1. Introduction
Runs of homozygosity (ROH) are contiguous homozygous segments of the genome, which can arise from the mating of two related individuals that transmit identical haplotypes to their offspring [
1]. Long ROH segments are often associated with recent inbreeding, while short ROH are linked to ancient inbreeding, owing to the higher probability of recombination events occurring as the number of generations increases [
2]. Thus, ROH analyses are paramount for estimating genetic diversity metrics such as ROH-based inbreeding coefficient (FROH), i.e., the ratio of the total length of an individual’s autosomal genome in ROH to the total length of the autosomal genome covered by single nucleotide polymorphism (SNP) [
2]. FROH tends to be more accurate than pedigree-based inbreeding coefficients and enables the identification of specific genomic regions with greater inbreeding [
3]. The identification of ROH regions also contributes to the characterization of population history, structure, and demographic events [
4], and further reveals the selection signatures that are characterized by fixation of alleles under high selection pressure on a population [
5,
6], with a subsequent increase in homozygosity in regions around these alleles [
7,
8].
Runs of homozygosity have been extensively studied across many species for the quantification of inbreeding [
2,
3,
9,
10,
11,
12], detection of selection signatures [
13,
14,
15], and comparison of statistical methods and identification parameters [
4,
16,
17,
18,
19]. Runs of heterozygosity, most appropriately defined as heterozygosity-rich regions (HRRs) [
20], represents a more recent concept [
21], and is not as well described in the literature as ROH [
20,
22,
23,
24]. HRRs can also provide insights about population structure and demographic history [
24], and these HRRs may harbor important
loci for key functional traits such as immune response, survival rate, fertility, and other fitness traits [
25]. To the best of our knowledge, there are no reported studies characterizing HRRs in sheep populations.
The process of sheep domestication (
Ovis aries) started in the Fertile Crescent, approximately 11,000 years ago [
26]. Nowadays, sheep are raised across the globe under divergent environmental conditions. While some breeds have been artificially selected for certain purposes (e.g., meat, milk, or wool), other populations have evolved without direct human interventions. The characterization of ROH patterns on populations selected for specific or divergent purposes could reveal genomic regions of predominant homozygosity related to the fixation of certain alleles associated with the traits under selection. Furthermore, HRRs on these populations may be an indicator of regions associated with important fitness traits [
25]. Purfield et al. [
27] analyzed the genome of sheep from six meat breeds to identify selection signatures using ROH and two complementary methods, Fixation Index and hapFLK [
28], and observed regions under putative selection that frequently overlapped with high ROH regions. Dzomba et al. [
29] also characterized the distribution of ROH islands in 13 South African sheep breeds and 31 worldwide sheep populations, which enabled the identification of common and unique ROH islands across populations.

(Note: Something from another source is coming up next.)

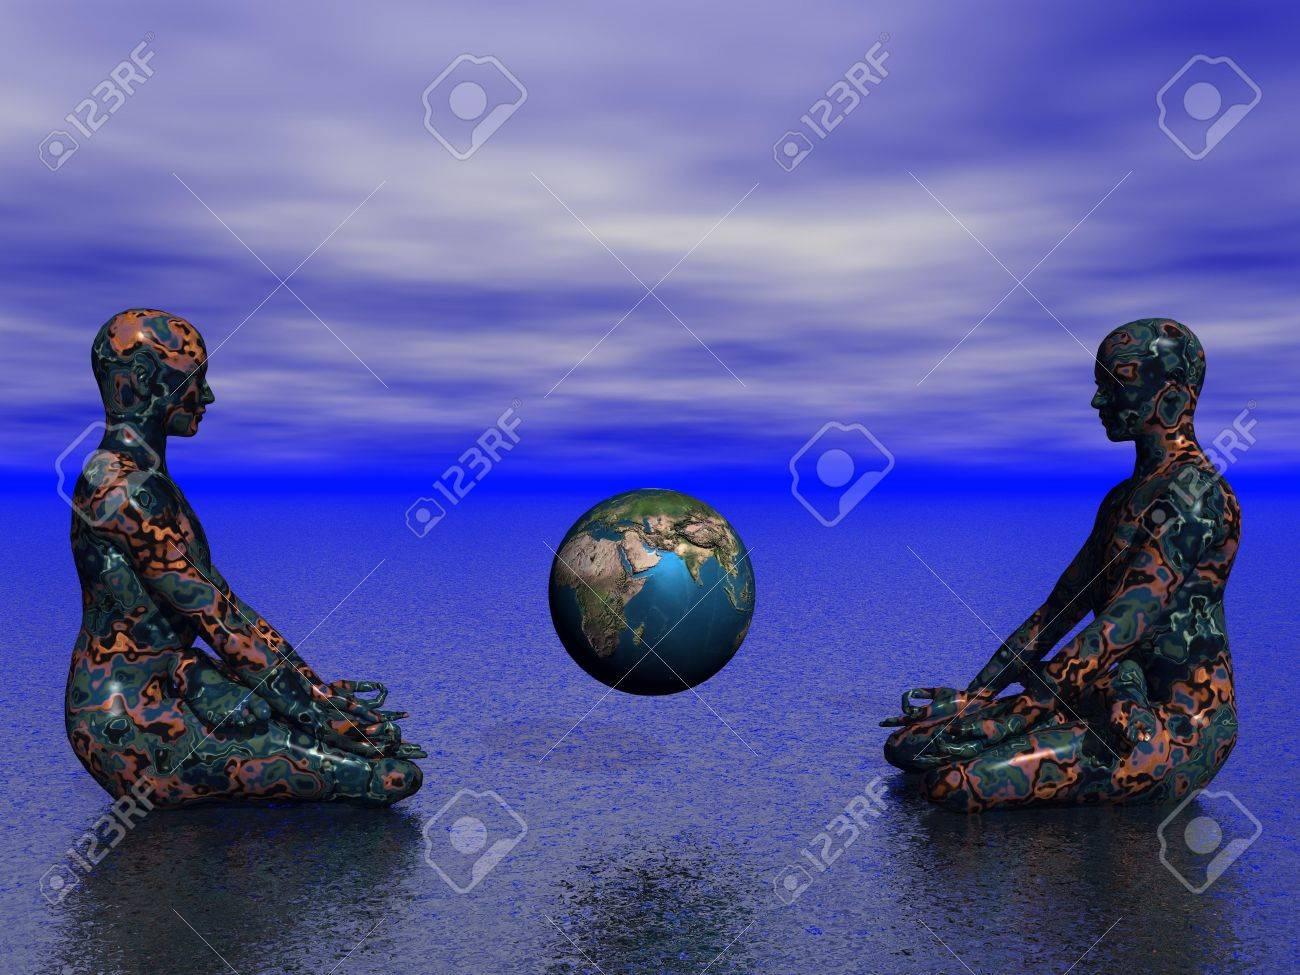 buddha and earth - 16443290

Data visualization is a critical step in genomic data analytics for proper interpretation of the findings. Plotting results instead of looking at tabular data frequently provides additional insights into the patterns and trends of the results. Several tools have been developed to visualize genomic data, which can be challenging owing to the structure and complexity of the data [
30]. Furthermore, the volume of data that usually results from independent analyses may present an additional challenge for the integration and comparison of such results, which are usually projected in distinct static images. Business intelligence (BI) is a concept used in the corporate environment to support managers in the decision-making process by enabling informed decisions based on data [
31]. Distinguishing features of BI tools include the possibility of creating dynamic data visualizations and integrating distinct data sources. Consequently, BI tools provide a great opportunity for combining results from different analyses and navigating through parameters more quickly, such as by changing the exhibited chromosome or breed in a click.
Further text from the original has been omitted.